DB_PASSWORD=$(openssl rand -base64 36 | tr -d '\n')
SECRET_KEY=$(openssl rand -base64 60 | tr -d '\n')

Bring it up:

docker compose up -d
docker compose logs -f webserver

First start runs database migrations; then create the admin user:

docker compose exec webserver \
    python manage.py createsuperuser

The consume folder

Anything dropped into ./consume/ on the host (mounted at /usr/src/paperless/consume in the container) is picked up automatically: PDFs, JPGs, PNGs, TIFFs, and (with Tika enabled) .docx, .odt, .eml, etc. The consumer:

OCRs the document with Tesseract if needed
Detects the date, correspondent, tags using existing matching rules
Files the document by hash into media/documents/originals/
Generates a thumbnail
Indexes the OCR'd text into the search engine

The original file is moved out of ./consume/ on success.

Reverse proxy

# Caddy
docs.example.com {
    reverse_proxy 127.0.0.1:8000
    request_body { max_size 500MB }
}

Set PAPERLESS_URL=https://docs.example.com in the env so Paperless generates correct redirect URLs.

How to actually use it

Three patterns:

Drag-and-drop in the web UI. Simplest; works for occasional uploads.
Mobile scan apps — Paperless Mobile for Android, several iOS clients via the REST API. Snap a photo, auto-crop, auto-deskew, upload — same workflow as Dropbox's Scan feature, but landing in your own server.
Scanner with network destination. Document scanners (Brother ADS-2700W, Fujitsu ScanSnap, ePson WorkForce) can scan-to-SMB or scan-to-email. Point them at the consume folder share or an email address Paperless polls.

Tags, correspondents, and document types

These are Paperless's three classification dimensions:

Tag — a multi-valued label (taxes, healthcare, warranty, important).
Correspondent — the issuer / sender of the document (the city, the bank, the landlord).
Document type — a single-valued classification (Invoice, Receipt, Statement, Letter, Contract).

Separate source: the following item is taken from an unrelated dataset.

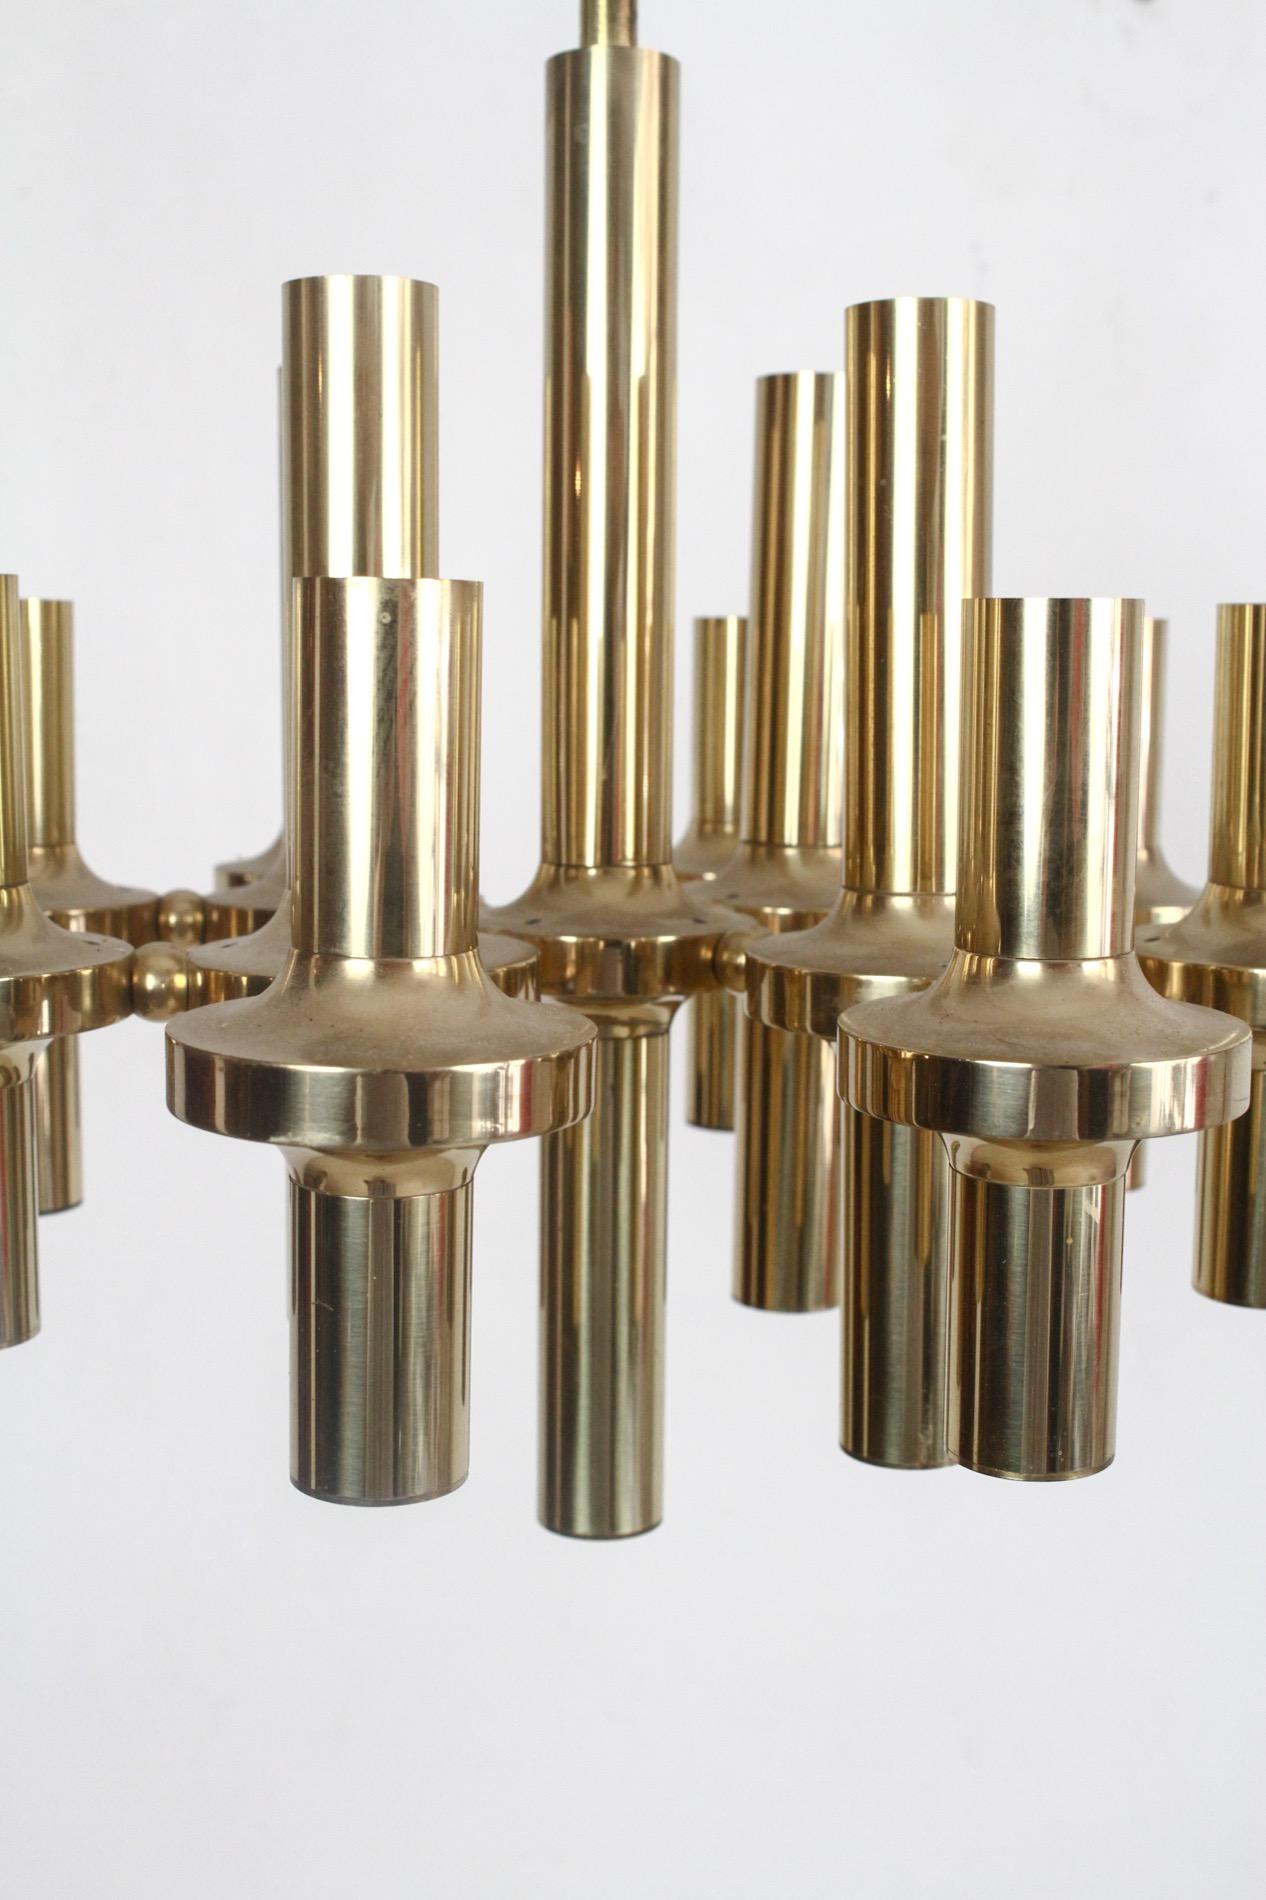 1970s modernist brass chandelier by the Italian lighting designer Gaetano Sciolari. It features 12 pieces of E14 sockets. Your choice of bulbs will create different looks; brass tipped round bulbs or tubular bulbs will compliment the fixture nicely.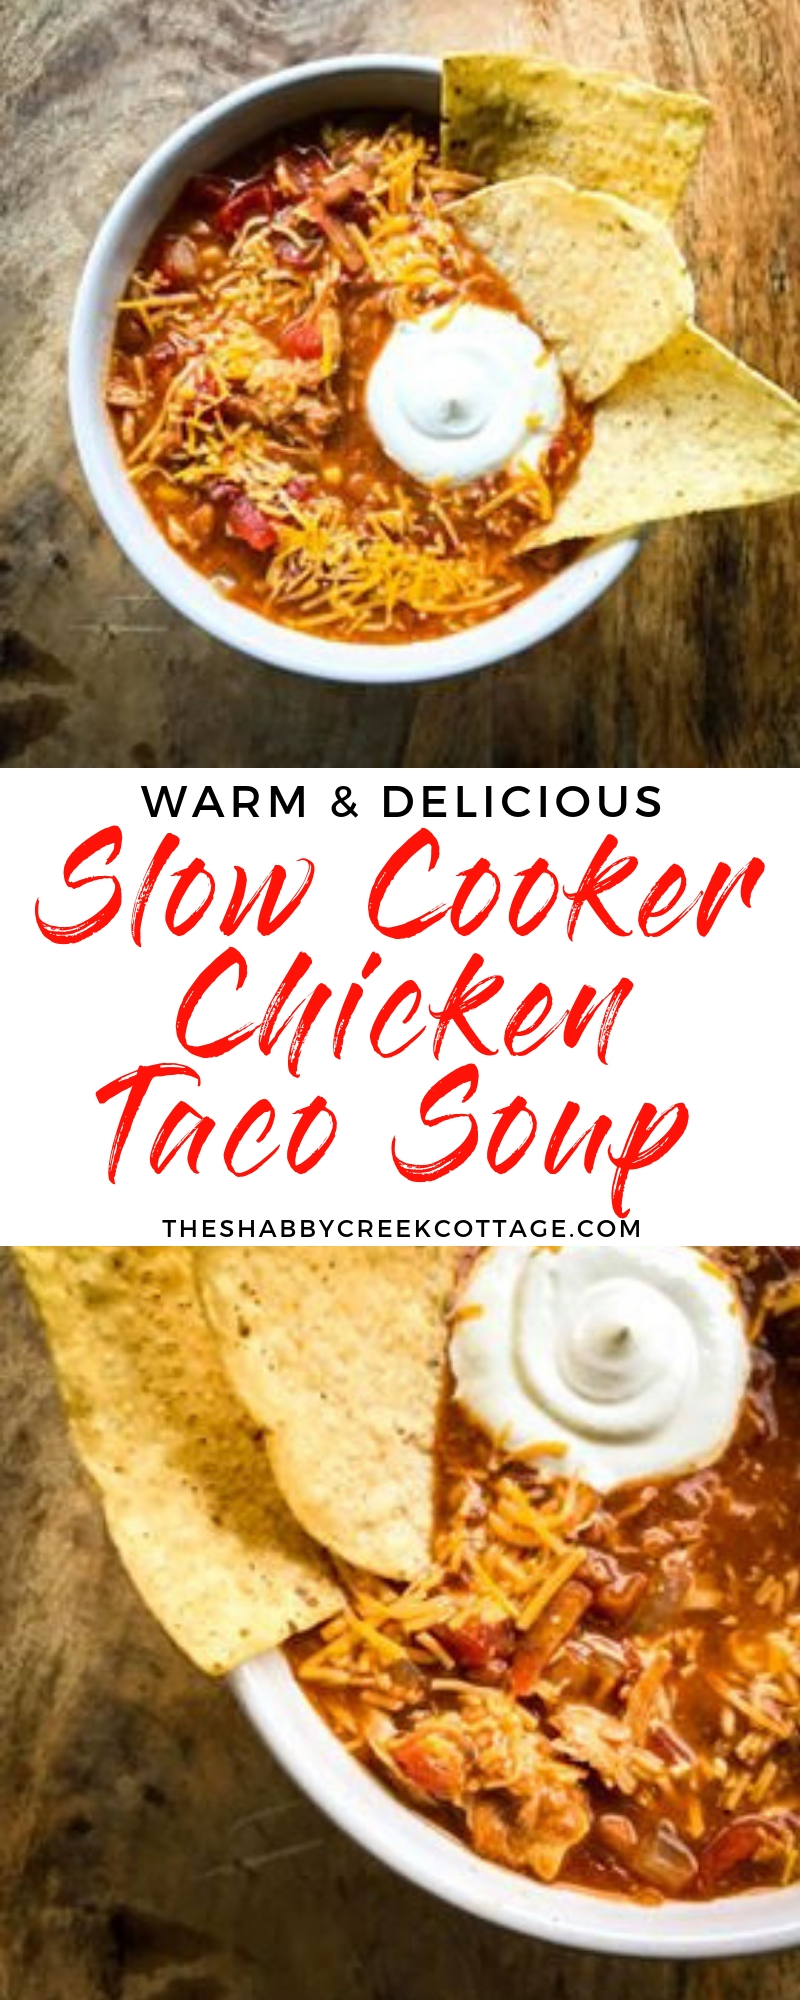 slow cooker chicken taco soup - The Shabby Creek Cottage

For each, you can set matching rules: a Tag with "match any of: invoice, facture" auto-applies to every document whose OCR'd text contains those words. After a few hundred documents, Paperless's optional ML classifier (off by default) can learn from your manual classifications and start suggesting auto-tags.

Email ingest

Settings → Mail → Add IMAP account. Paperless polls the inbox, downloads attachments matching the rule (size limits, sender filters, subject patterns), ingests them, and optionally marks the source email as read or moves it to a different folder. Useful for "Bills" folders that auto-route into the archive.

Backups

Three things to capture:

data/ — index, configuration
media/ — the original document files (the actual data, in their original format)
The Postgres database — metadata, tags, correspondents

For exportable, restorable backups, Paperless ships a one-command "document exporter":

docker compose exec webserver \
    document_exporter ../export --no-progress-bar --compare-checksums

This dumps the entire archive plus its JSON metadata into ./export/ in a format Paperless can re-import later (document_importer). Combined with a restic job (see restic + S3) on that directory, you get versioned, offsite, encrypted backups of the whole archive.

Storage growth

OCR adds a separate searchable PDF/A version of each document next to the original. Rule of thumb: 1.2–1.5× storage of the originals. For a household archive of multiple years, plan on a few GB; for a small business, tens of GB is normal.

What it isn't

Paperless-ngx is an archive, not a collaboration tool. No real-time co-editing, no versioned edits, no shared workspaces (beyond per-document permissions in 2.x). For "team workflows on living documents," use Outline, Bookstack, or NextCloud. For "save the PDF the bank sent and find it again in three years," Paperless is exactly the right tool.